Below, find the line containing "Image of first" and the line containing "Revant replacement lenses"; reproduce exactly those two and every line between them, omitting pictures.

** Provided entries follows **

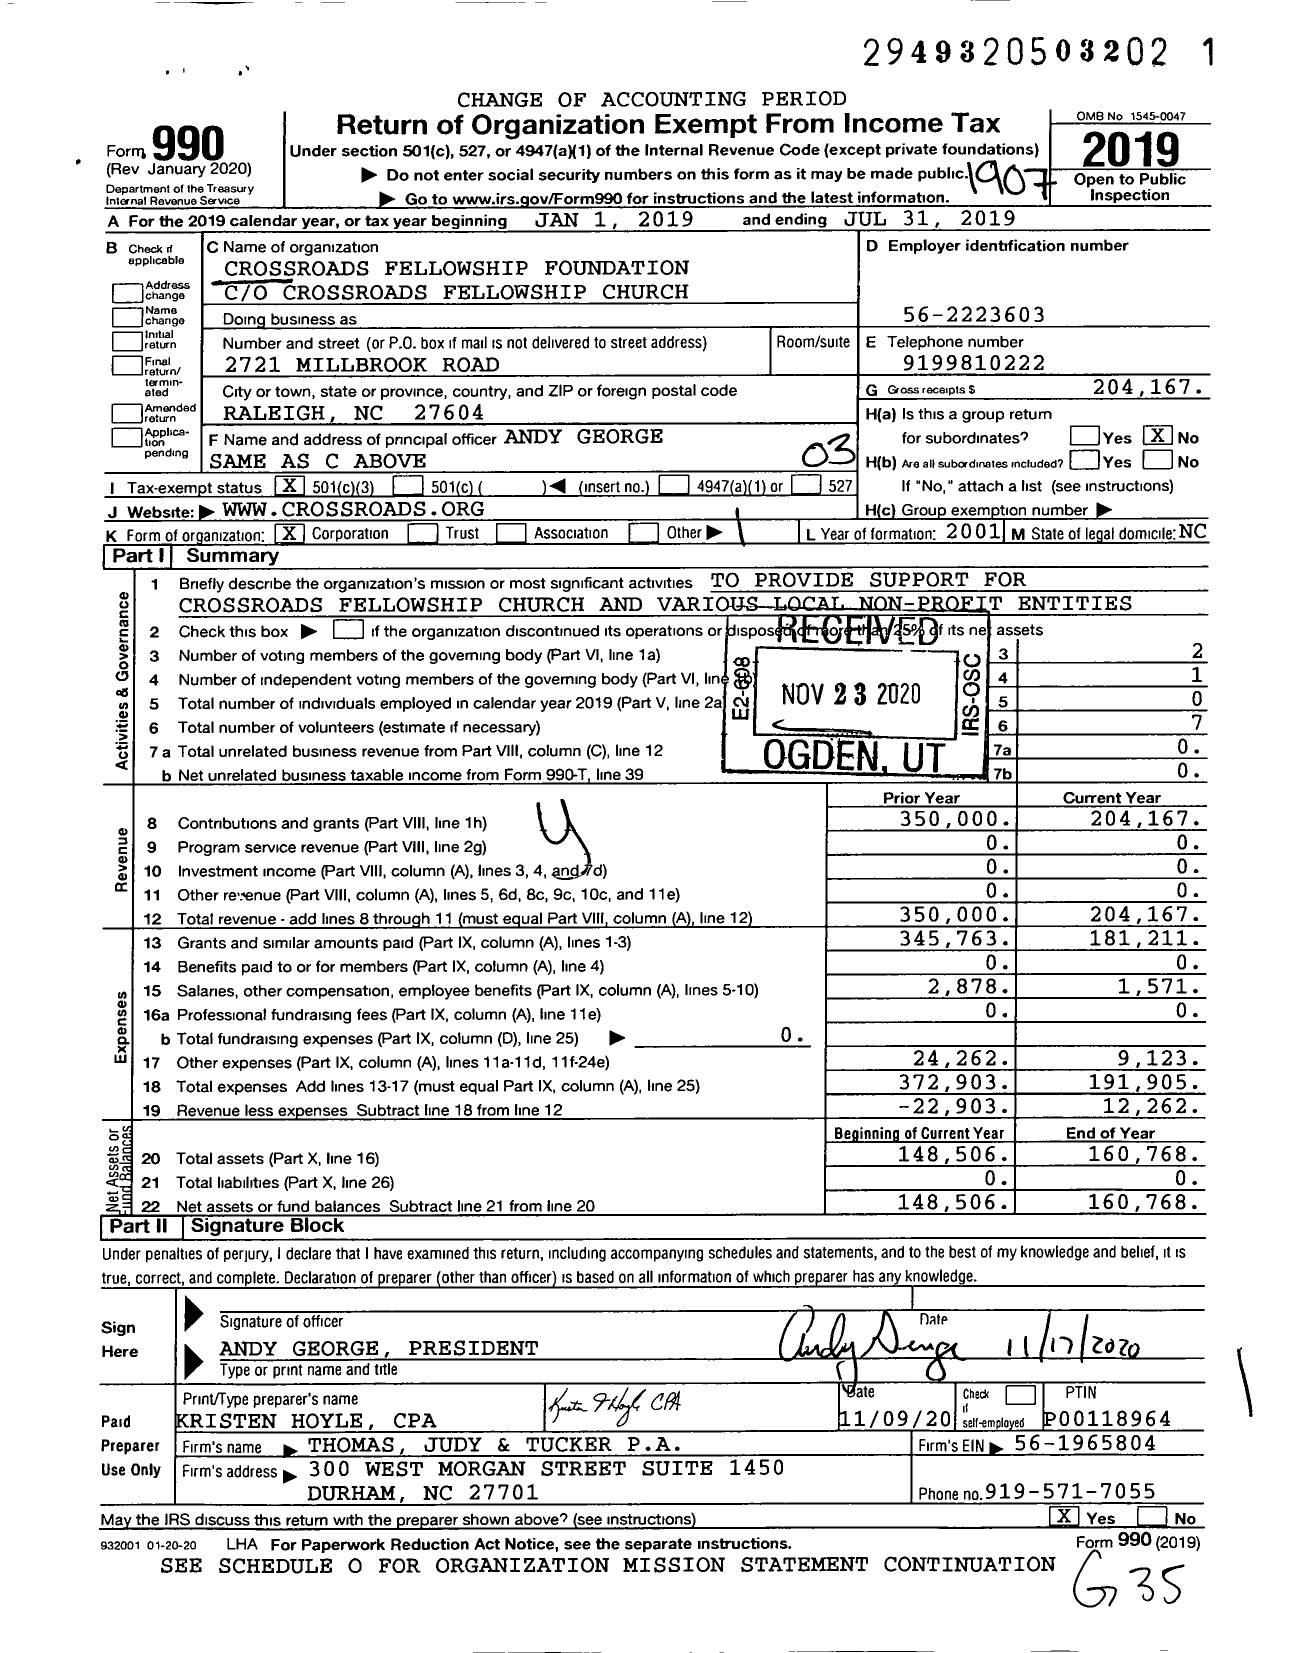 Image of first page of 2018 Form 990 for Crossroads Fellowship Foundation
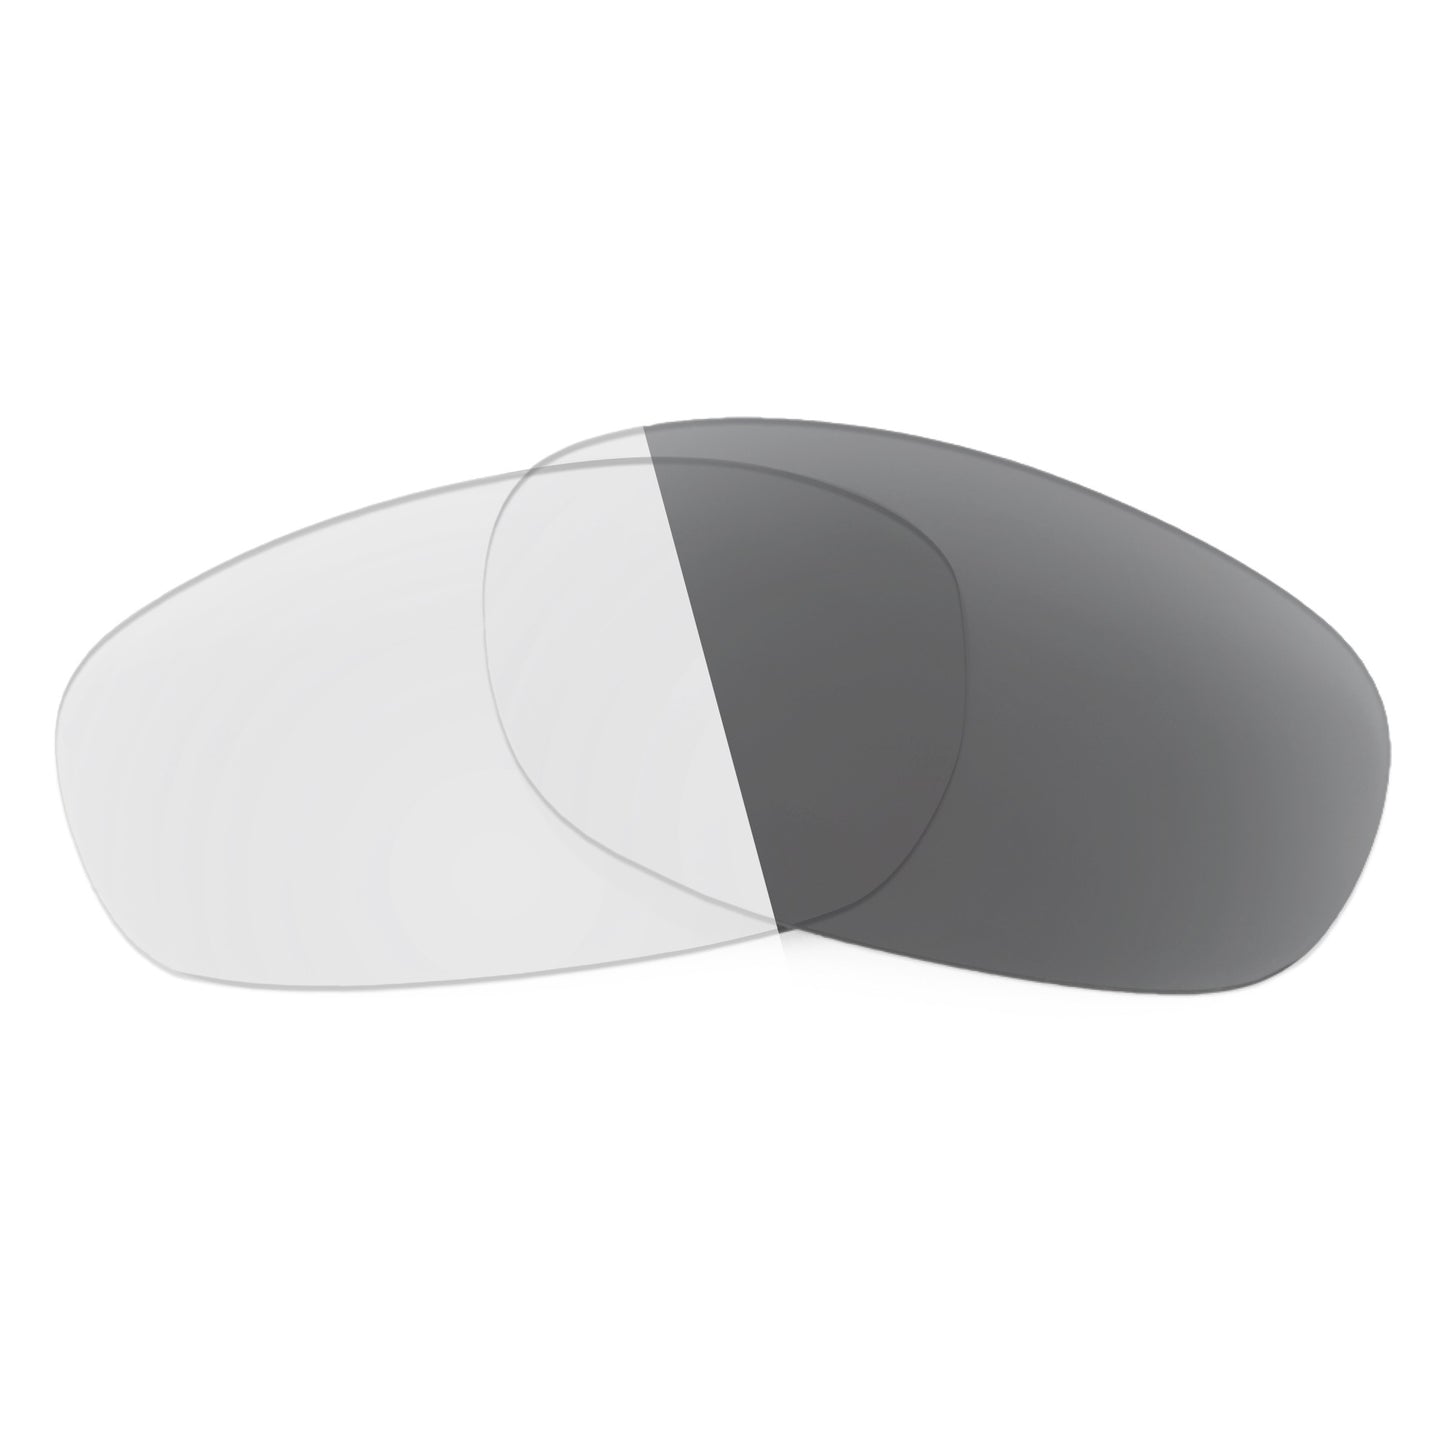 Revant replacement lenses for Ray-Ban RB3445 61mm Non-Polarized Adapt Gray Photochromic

** End of Provided entries **
** Provided entries follows **

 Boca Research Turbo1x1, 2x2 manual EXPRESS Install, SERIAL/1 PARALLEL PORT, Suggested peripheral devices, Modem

** End of Provided entries **

**Finished task:**
 Image of first page of 2018 Form 990 for Crossroads Fellowship Foundation
 Revant replacement lenses for Ray-Ban RB3445 61mm Non-Polarized Adapt Gray Photochromic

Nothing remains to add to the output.